→ **What you need to do**:
Write every line below out again, exactly as given, but leave out the pictures.

→ **Dataset extract**:
════════════════════

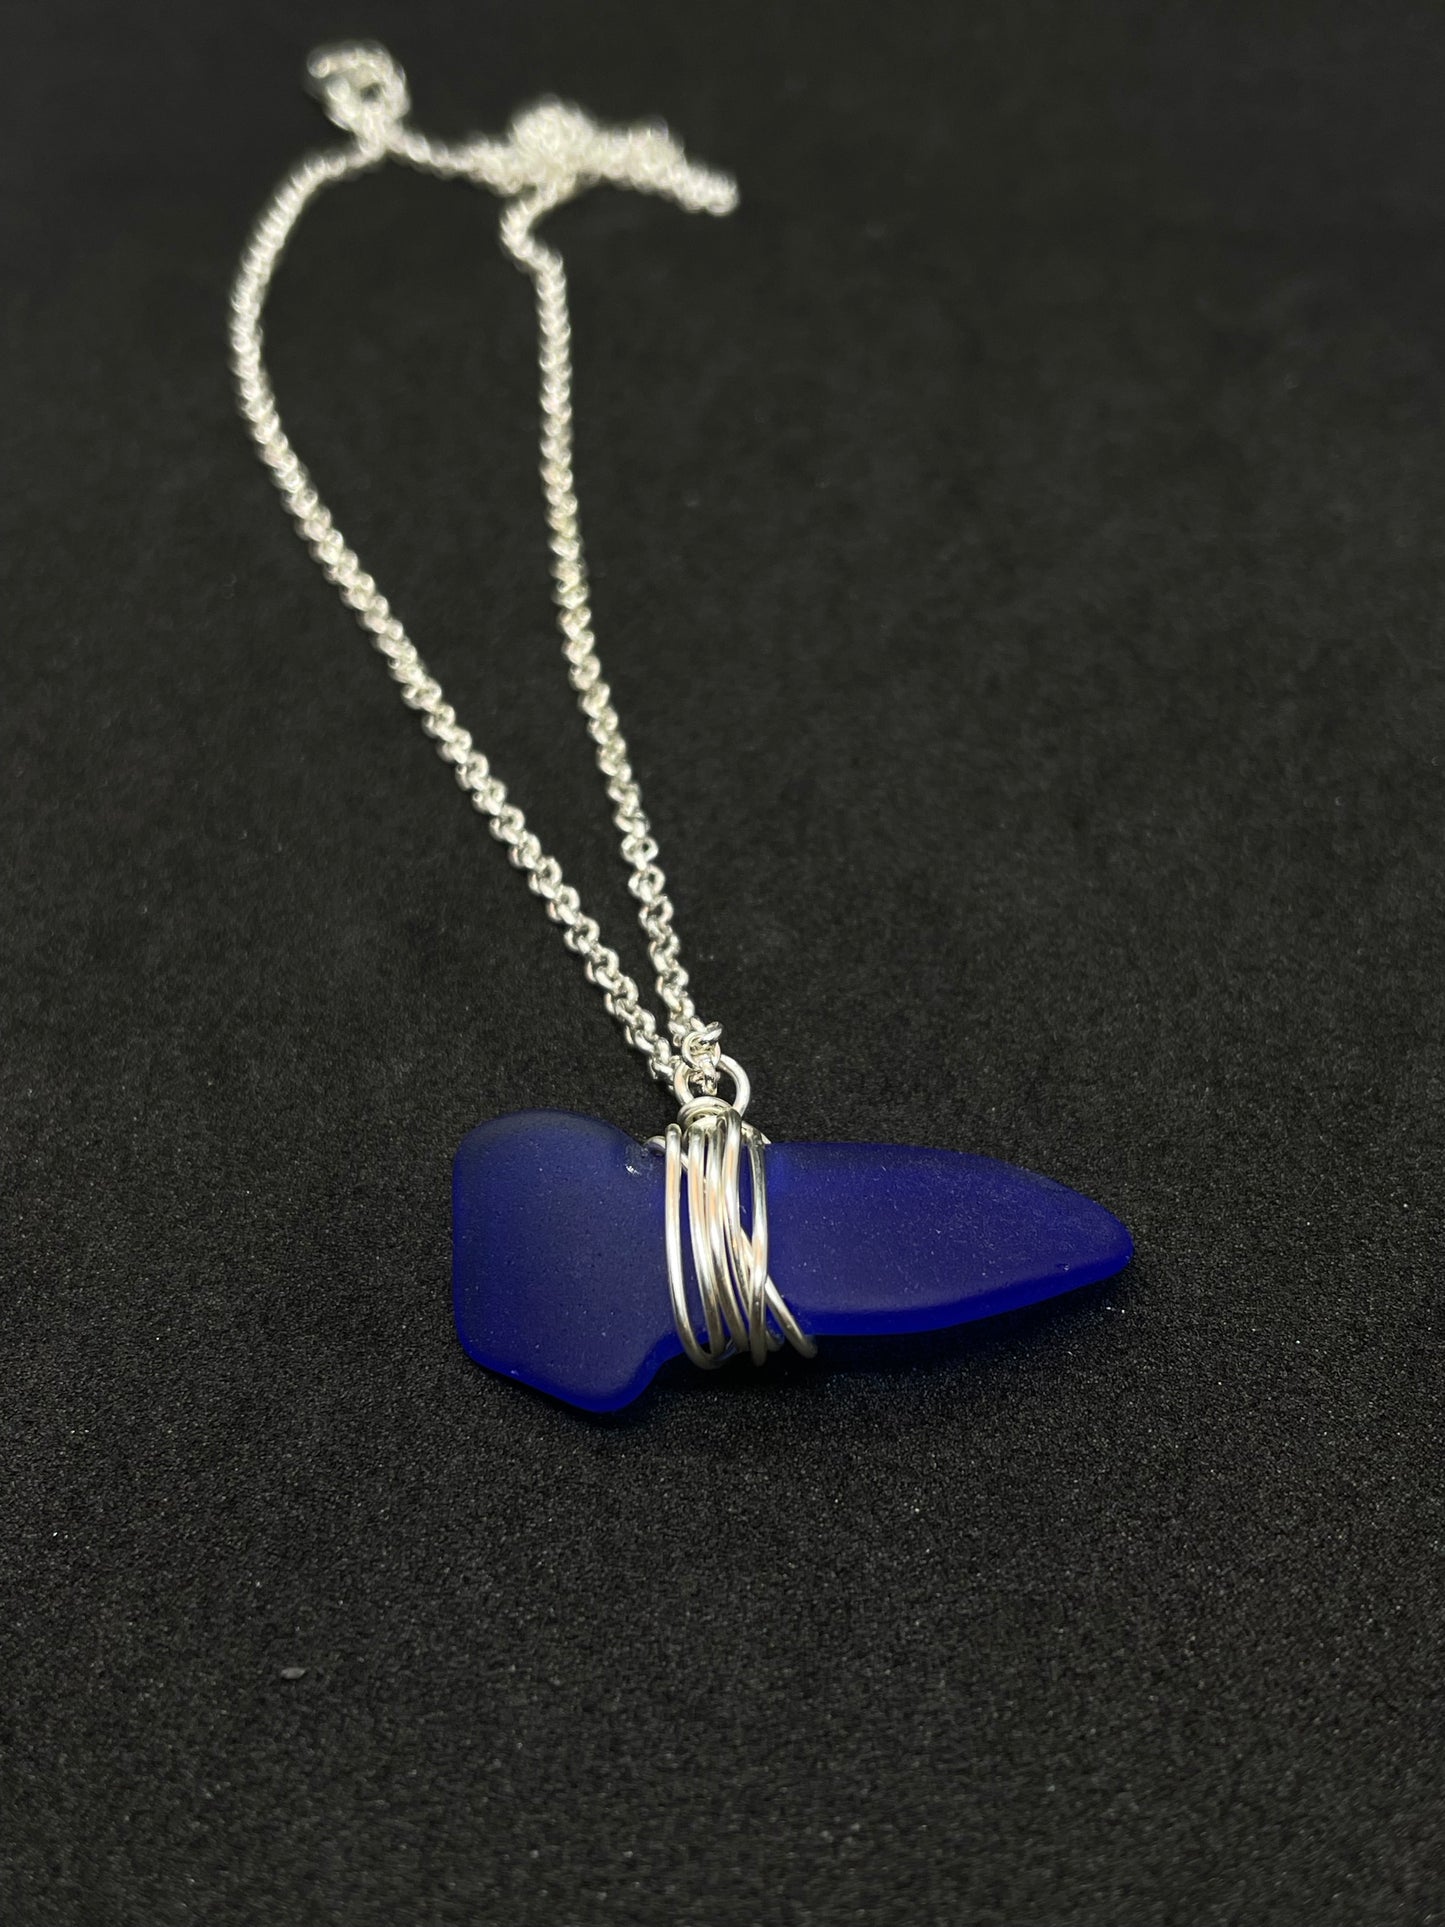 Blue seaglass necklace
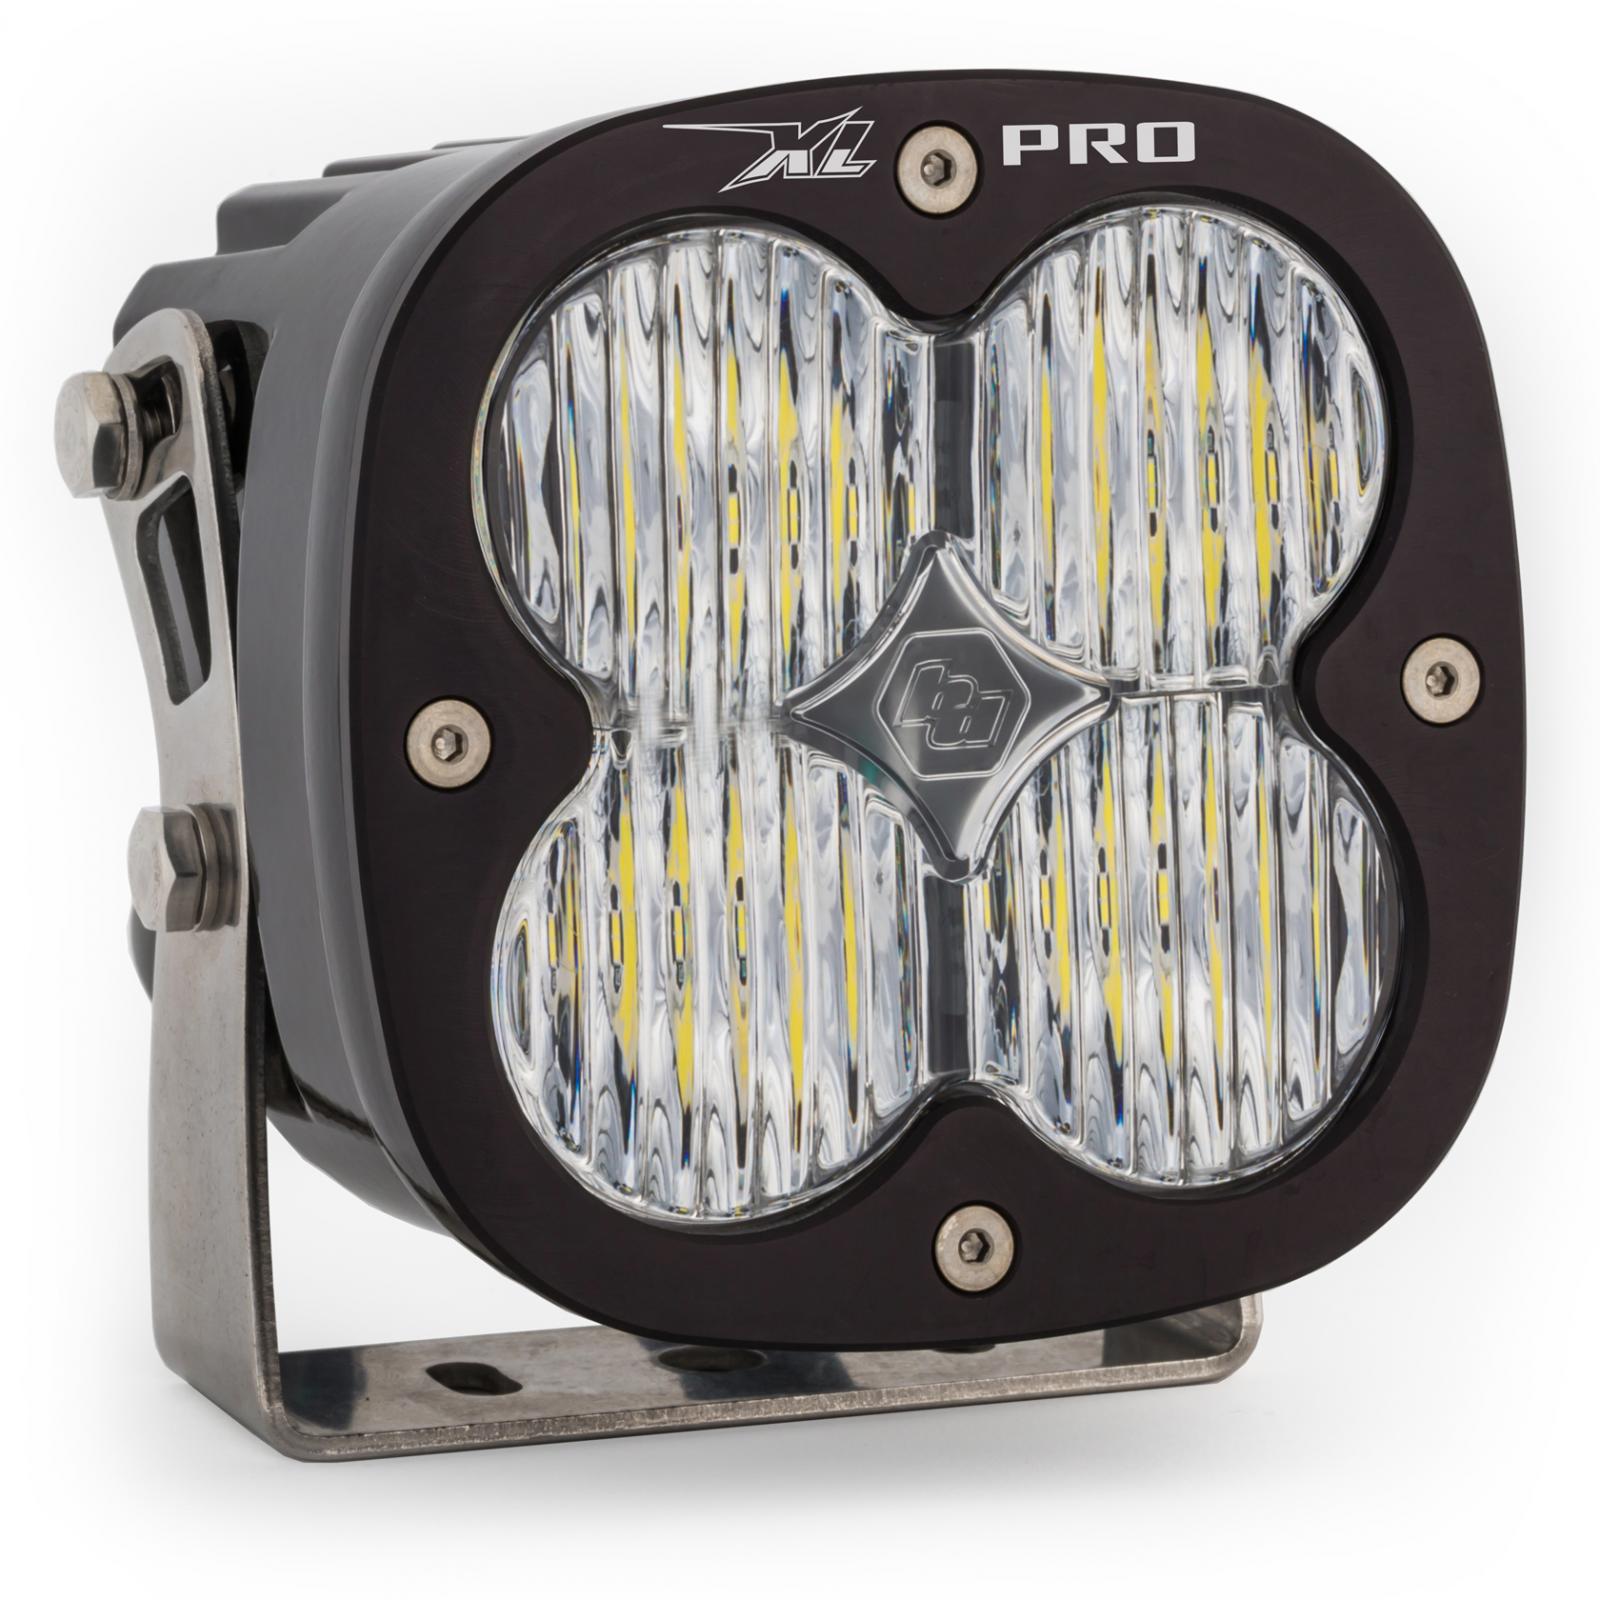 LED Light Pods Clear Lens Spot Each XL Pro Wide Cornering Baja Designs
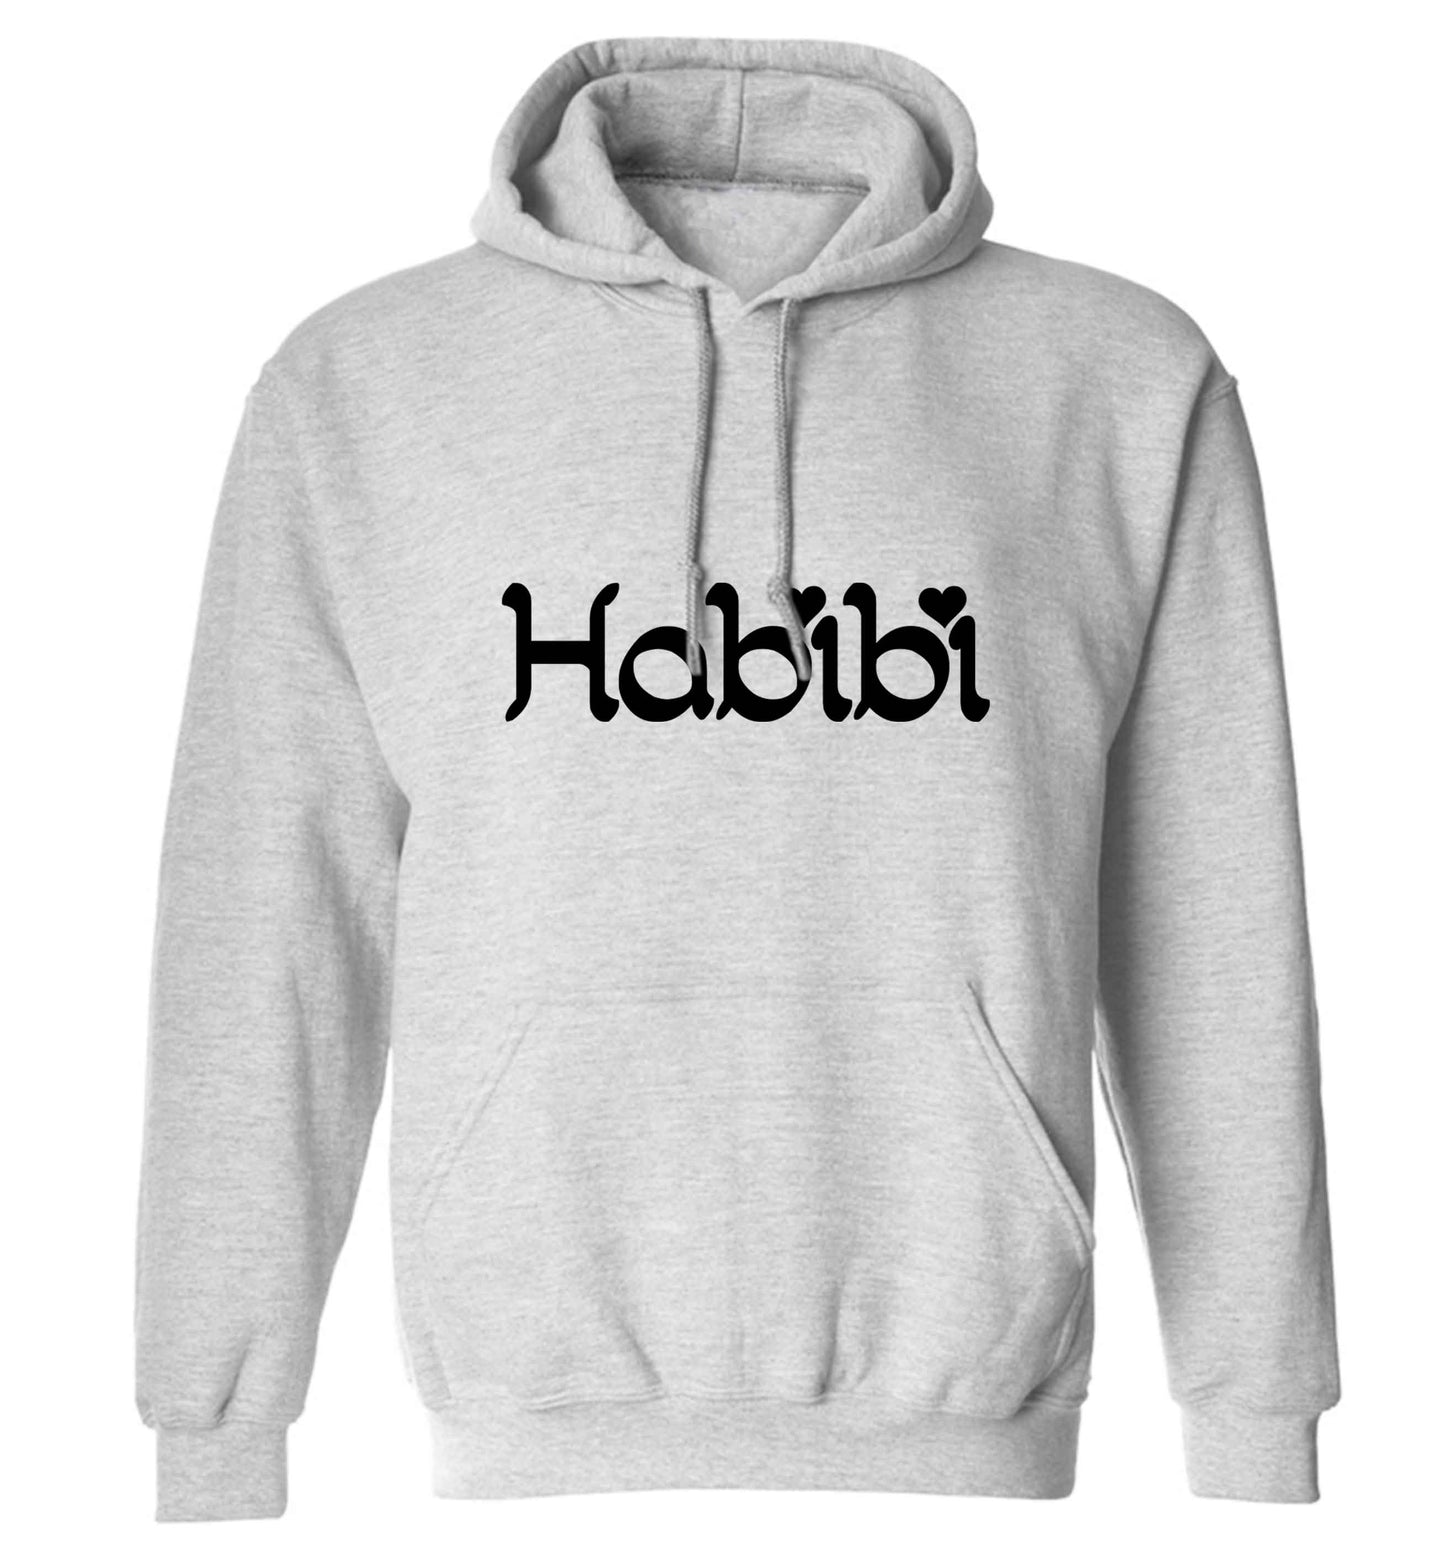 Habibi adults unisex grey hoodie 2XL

════════════════════

→ **Finished task**:
 Blue seaglass necklace
 LED Light Pods Clear Lens Spot Each XL Pro Wide Cornering Baja Designs
 Habibi adults unisex grey hoodie 2XL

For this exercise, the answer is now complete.